Advocacy groups continue to push the city, state and the Environmental Protection Agency on testing these buildings for toxic contaminants left by Ground Zero's cloud of dust and smoke.

"We are very much aware of the residents and office workers in the area of the World Trade Center buildings, and their issues have to be addressed in terms of health and contamination of those buildings," said Florence Coppola, coordinator of the UCC Office of National Disaster Ministries.

Coppola said the UCC will continue to support health screenings and outreach to impacted people done through NYCOSH and Mt. Sinai Hospital. They will also reach out to people across the country who worked at Ground Zero and are now eligible to file with New York State workers' compensation should health issues arise. "It's good that things are moving forward, but it's bittersweet," she explained. "People are ill and dying."

Mikki Balloy of LDRNY agreed with Coppola, and emphasized that some impacted people still may not have come forward for help that is available to them.

"Many of those affected are undocumented workers, and that means they're afraid to come forward for care and the few entitlements they can get," said Balloy, LDRNY's coordinator. "Even American citizens have a limited amount of funding and aid available to them. So I think as we're remembering the day, we need to remember that there are people still very much in need."

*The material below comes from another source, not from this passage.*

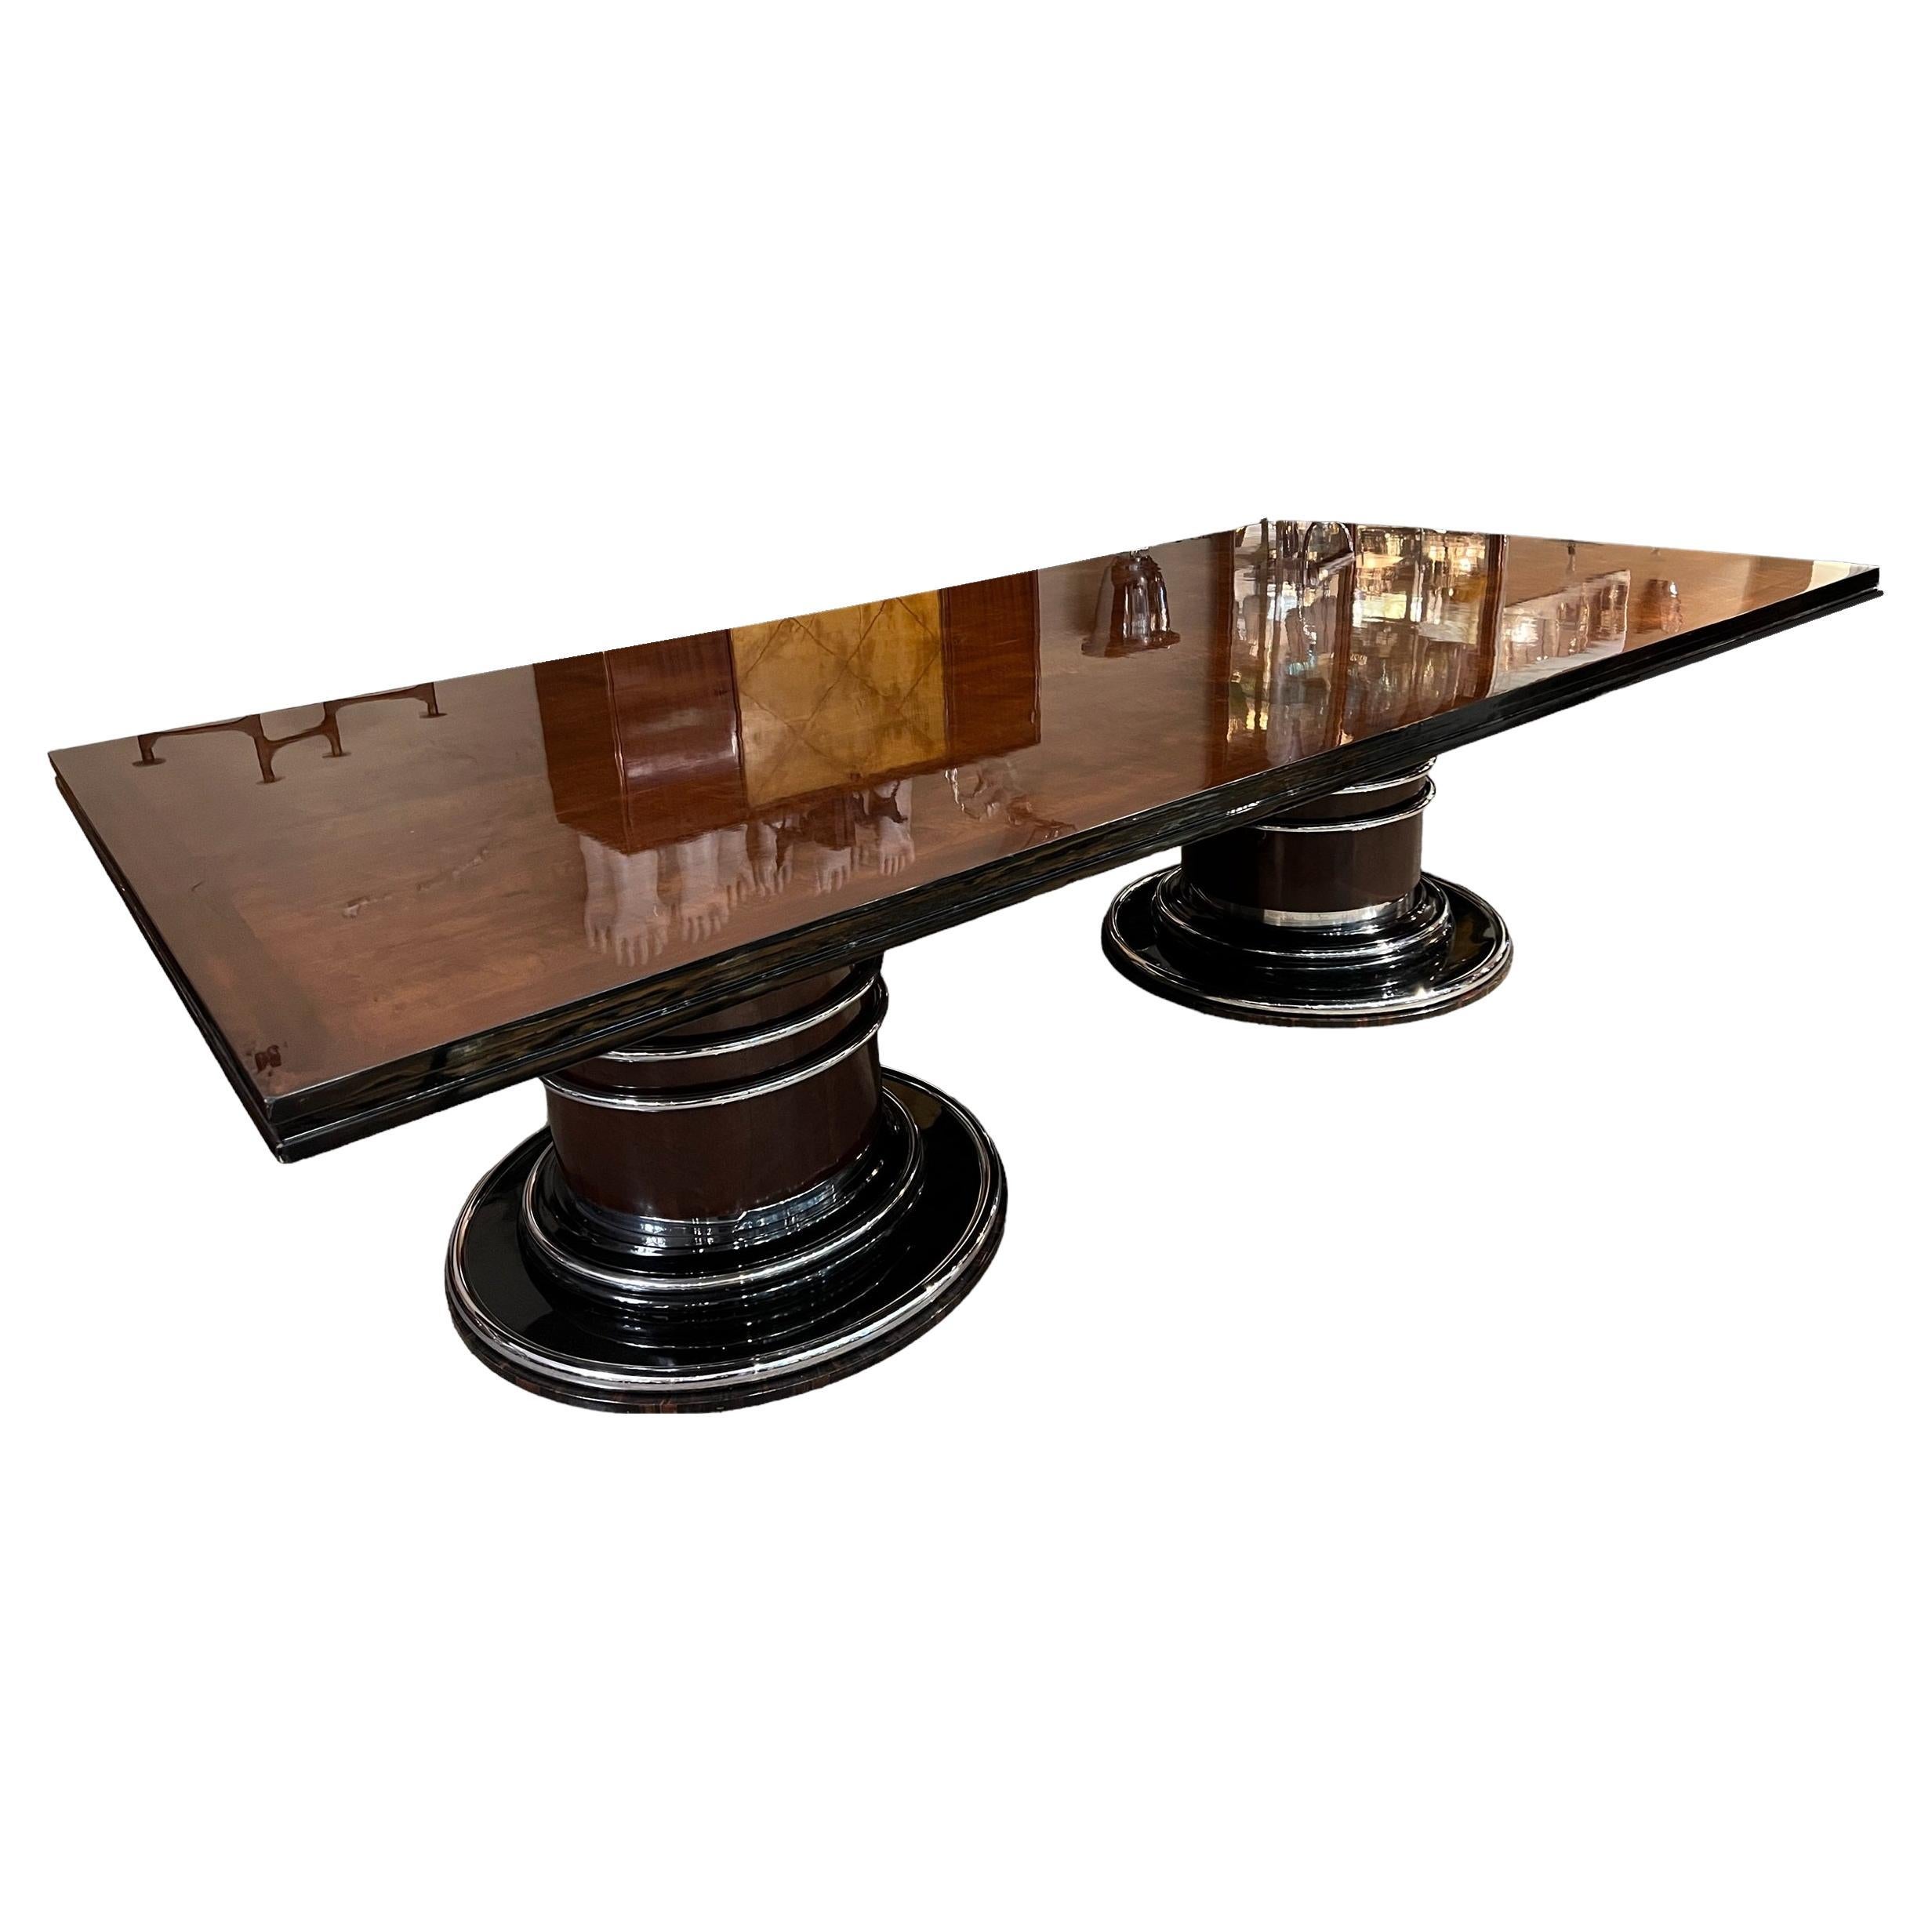 Amaizing Art Deco Table, '12 Persons', 1920, France in Chrome Steel and Wood For Sale

Balloy pointed to mental health impacts as another need, noting that some post-traumatic stress disorder symptoms do not appear until four or five years after the traumatizing event. She added that anniversaries can heighten those symptoms as well.

For the many responders who have been involved since Sept. 11, the work can be overwhelming, saddening and frustrating. Yet they all talk of the hope they get from the community of those they work with and for. "It can be very taxing and trying to do this work, you know, to see the needs evolve but not really dissipate. But I'm really inspired everyday when I talk to one of my colleagues," said Balloy. "I've met some really outstanding and compassionate people. We're all in this together."

Life in Shanksville, Pa., is busy again with the arrival of the anniversary. The site where Flight 93 crashed into a field is just outside of the small town, a temporary memorial standing near it while a more permanent one is being planned. The Rev. Robert Way said residents are accustomed to the attention they receive annually.

"The culture has changed here," said Way, pastor of the Good Shepherd Cooperative Lutheran Ministry. "Six years ago we'd have said, 'What is going on here?' if all these news folks showed up. Now it's normal."

Way said the five-year anniversary strikes him in different ways. "For us, in one light you think that it can't be five years already. In another, it seems like it's been longer."

He said Shanksville residents are protective of the crash site, stewards of the area. Way and more than 40 other residents act as Flight 93 Ambassadors at the memorial site, answering visitors' questions and sharing stories. The site does host a steady stream of visitors, and he noted that emotions and reactions are mixed still at this point five years later. "Some people who come to the site are speechless, and some break down in tears. The site emotes feelings from people that they aren't realizing until they get there."

For Way, the triggers are there and sometimes he initiates discussions without realizing how he may react. He's noticed that while serving as an ambassador and answering questions very candidly about the day the plane crashed into the field. He arrived at the site just an hour after it came down, having been summoned to give last rites.

Since then, involvement with everything related to Flight 93 has just been part of his life. "There's a piece of Flight 93 with everything I do."